━━━━━ GIVEN MATERIAL ━━━━━

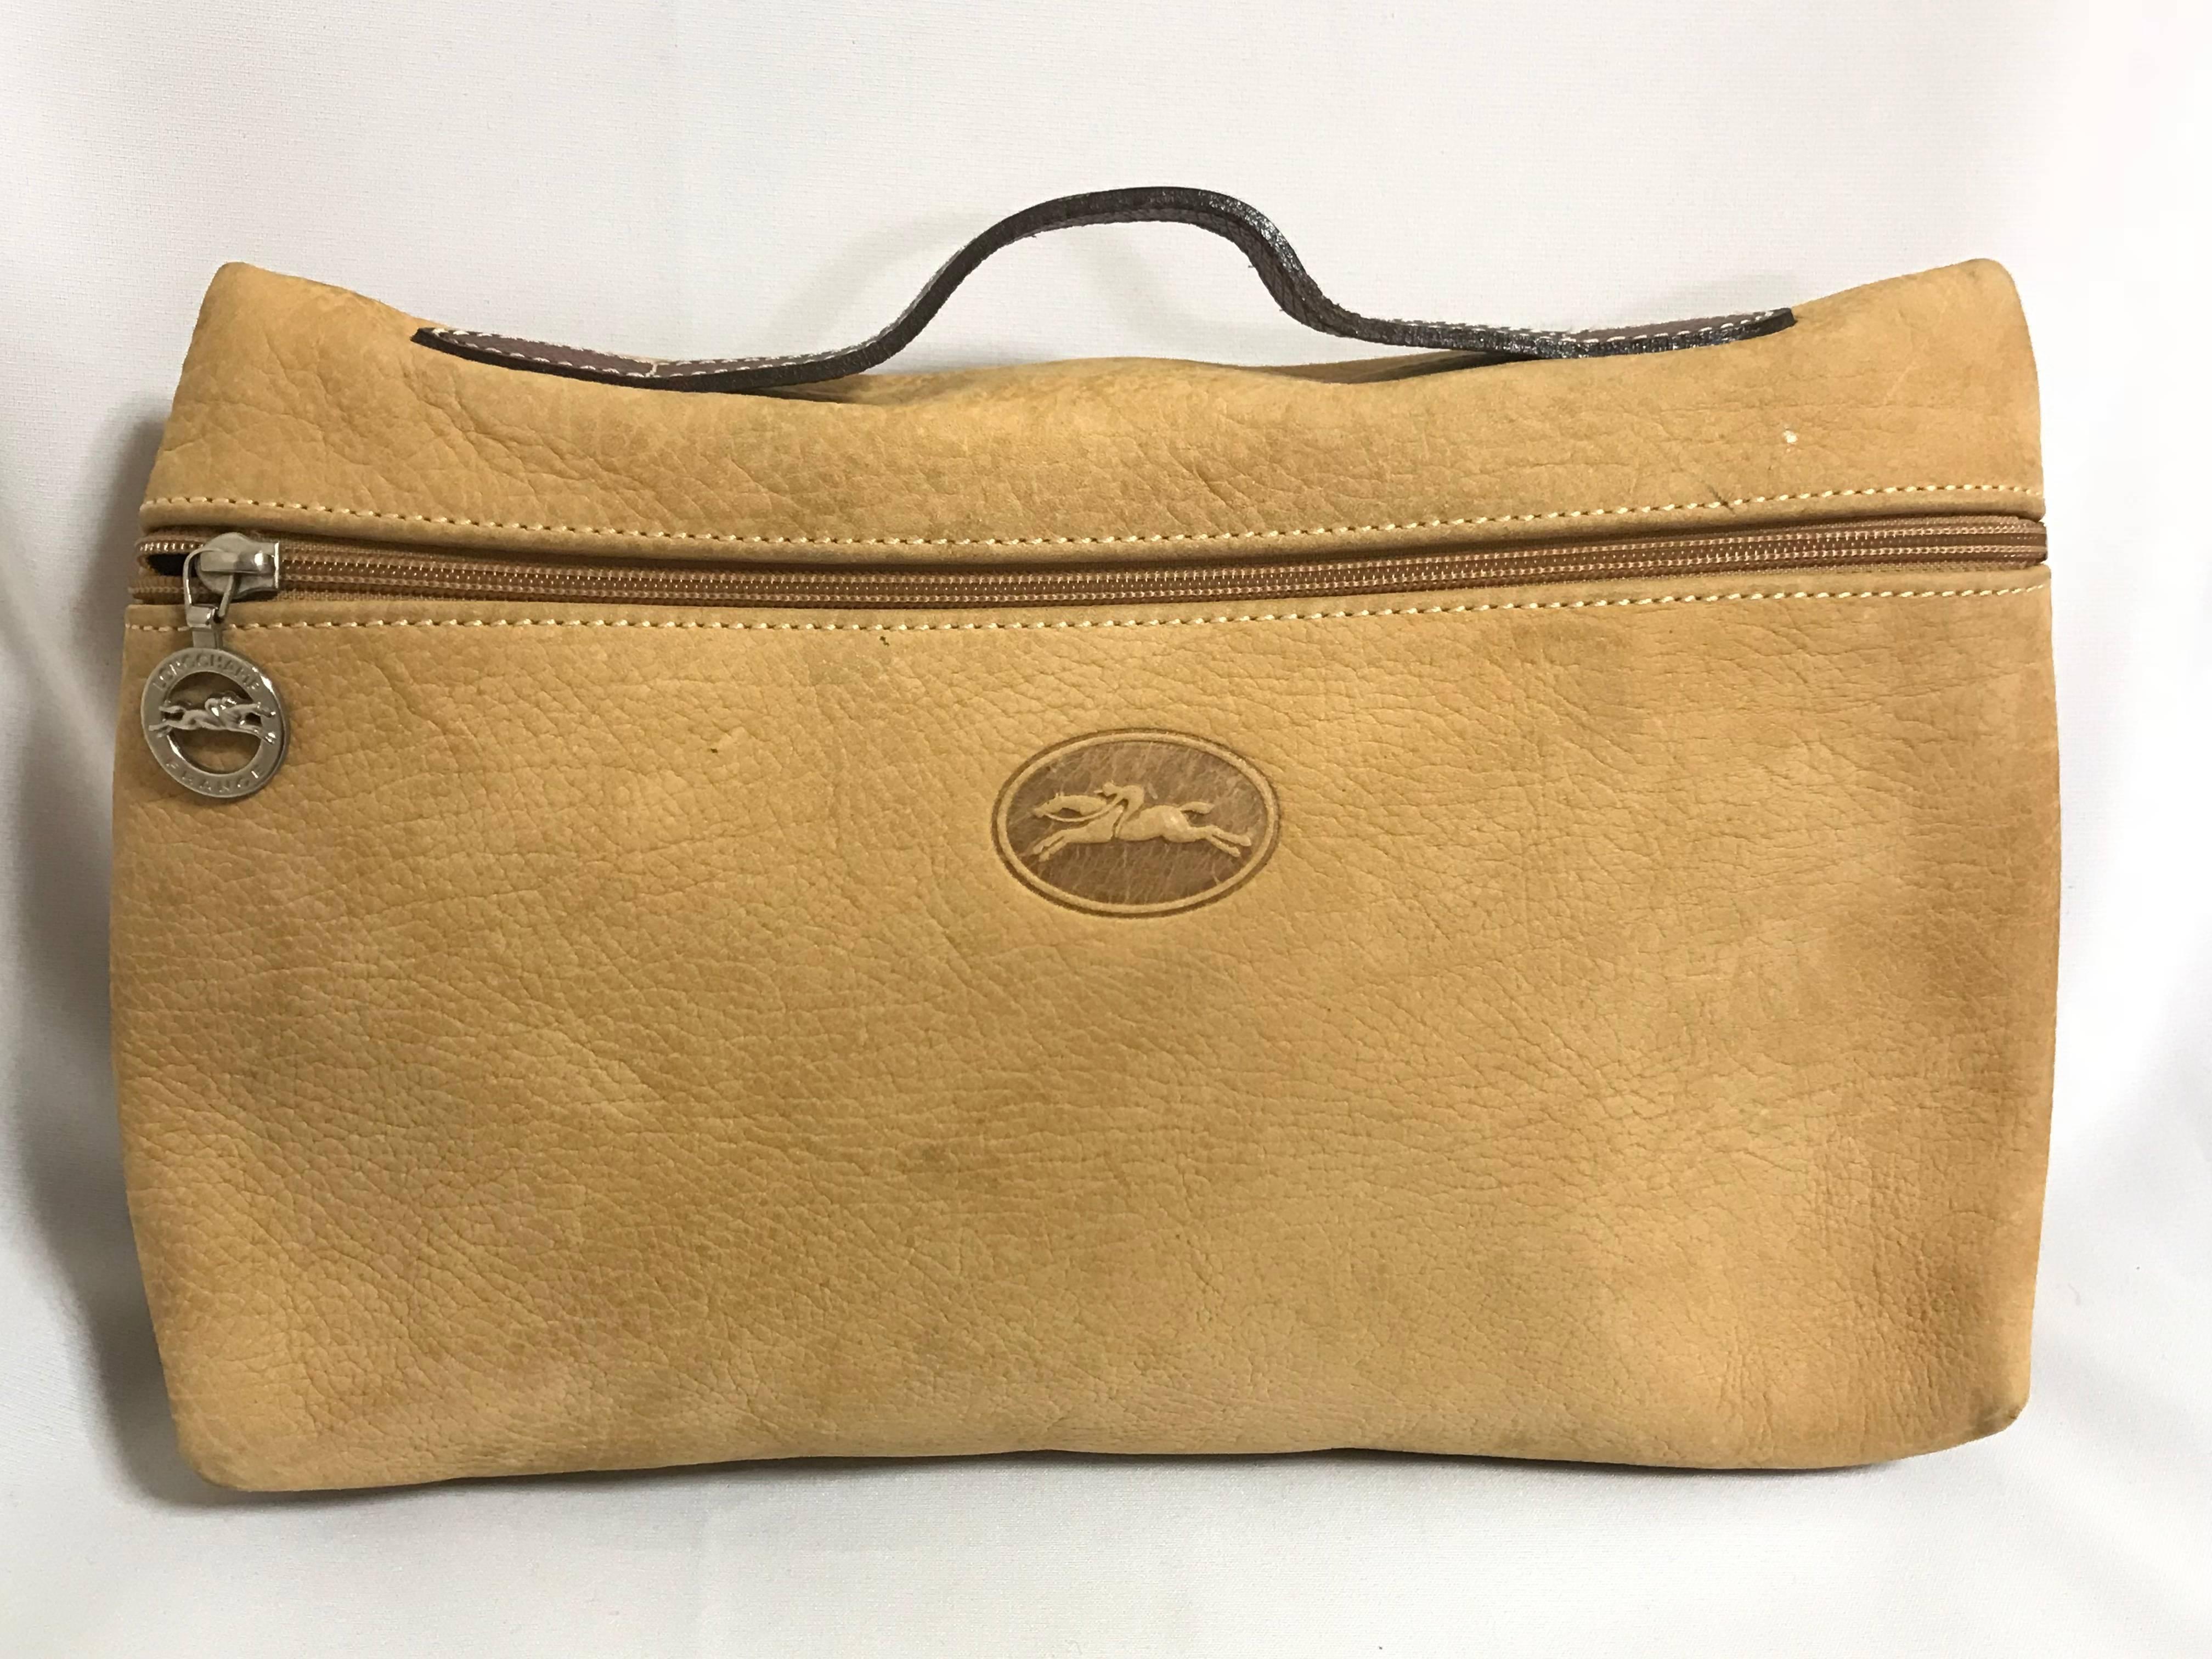 Vintage Longchamp beige suede leather travel pouch, Mini purse with logo motif. 1
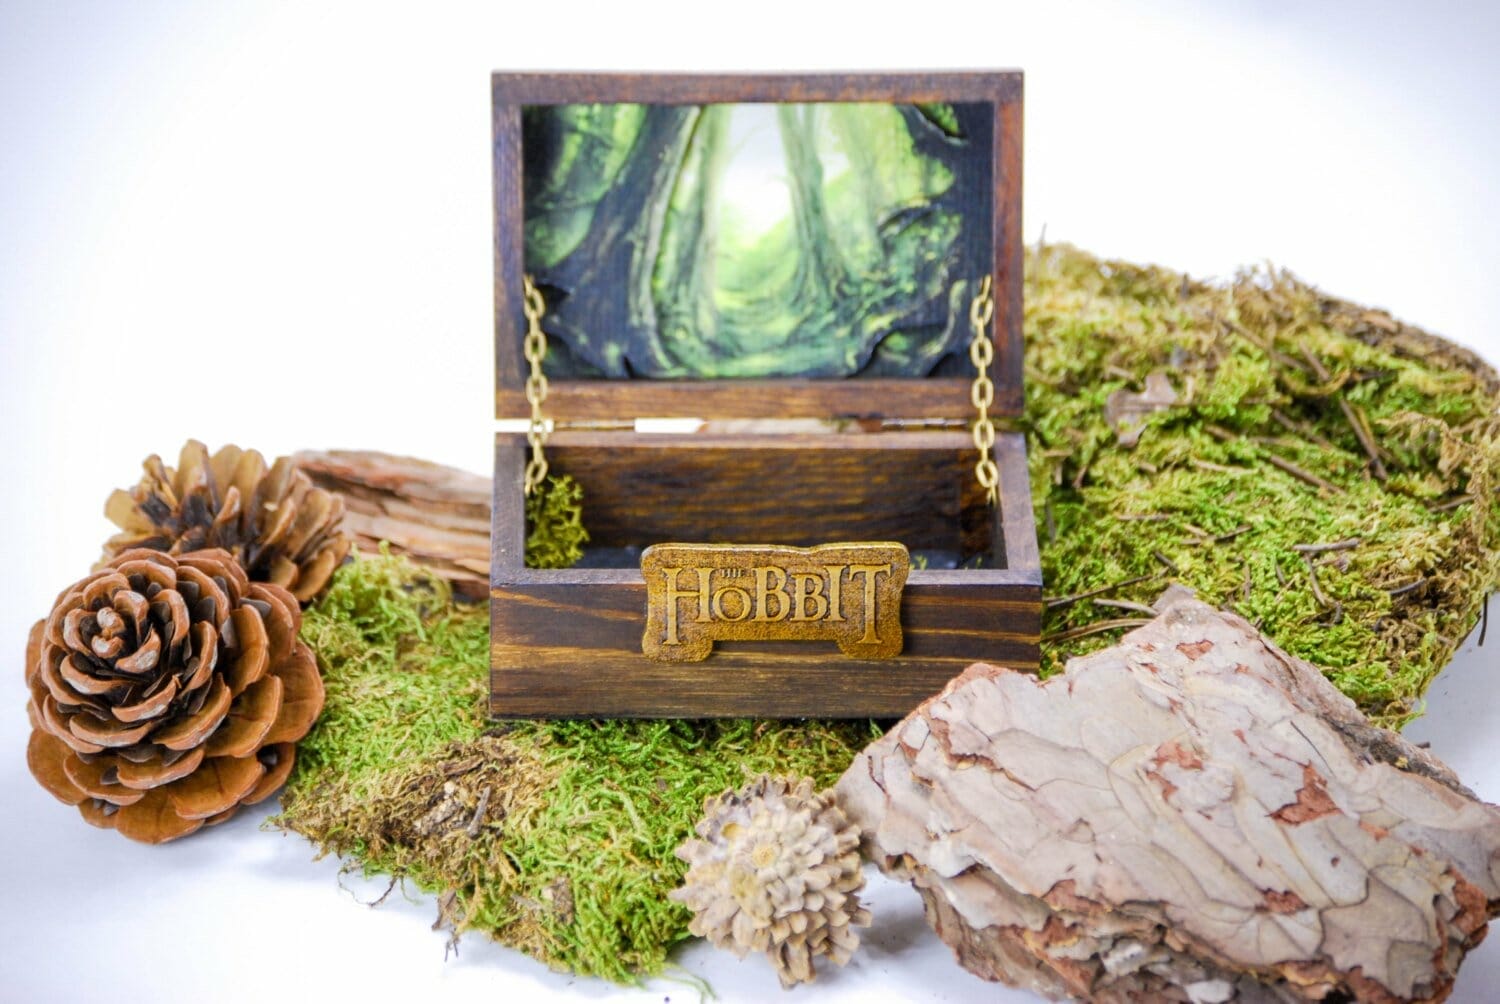 Hobbit box
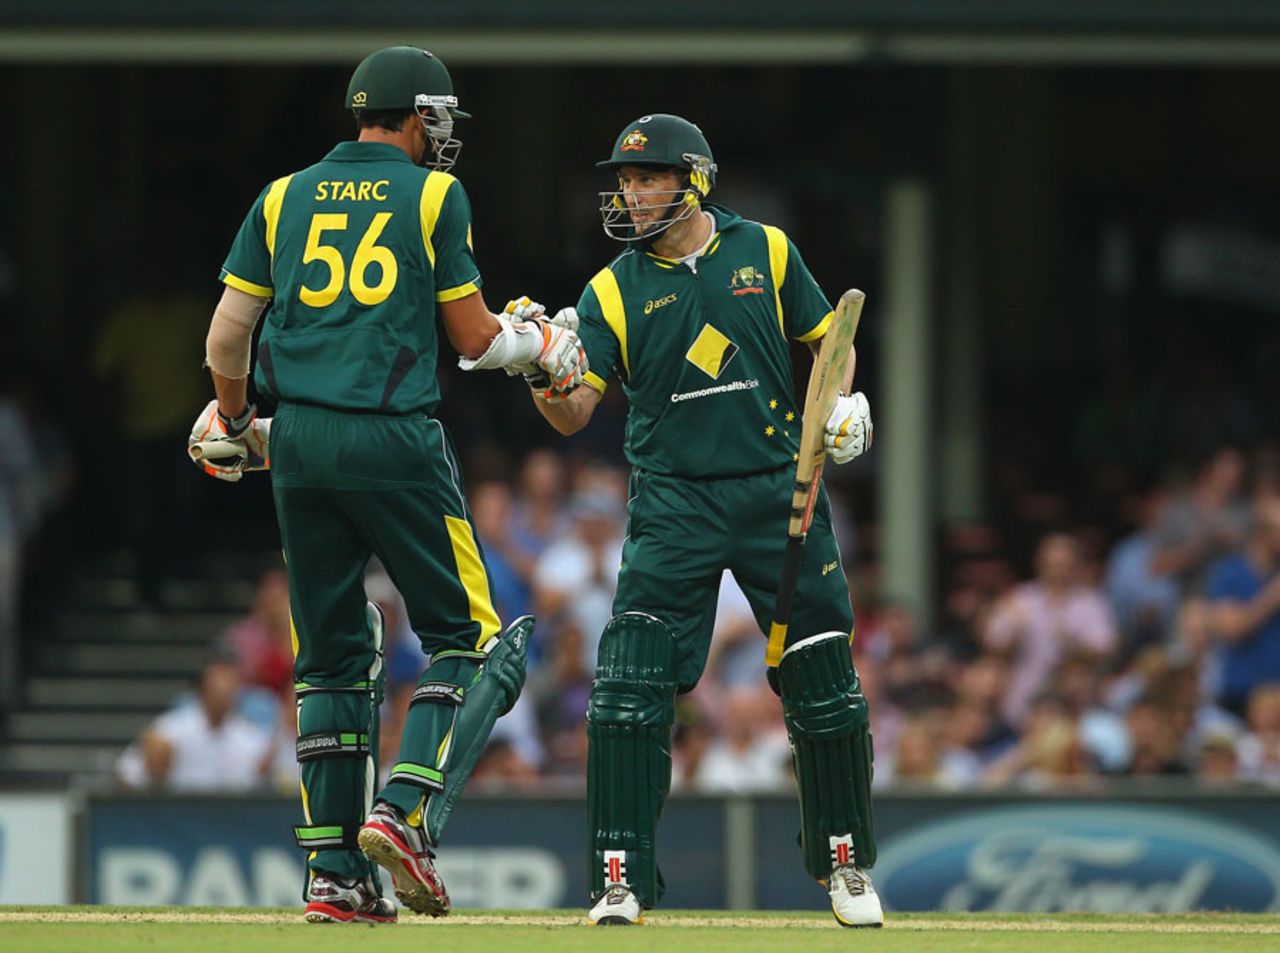 David Hussey and Mitchell Starc added 49 for the 9th wicket, Australia v Sri Lanka, CB Series, Sydney, February 17, 2012

━━━━━

TASK:
When you write out the data, keep every line exact and drop the pictures.

EXPECTED ANSWER:
 Vintage Longchamp beige suede leather travel pouch, Mini purse with logo motif. 1
 Hobbit box
 David Hussey and Mitchell Starc added 49 for the 9th wicket, Australia v Sri Lanka, CB Series, Sydney, February 17, 2012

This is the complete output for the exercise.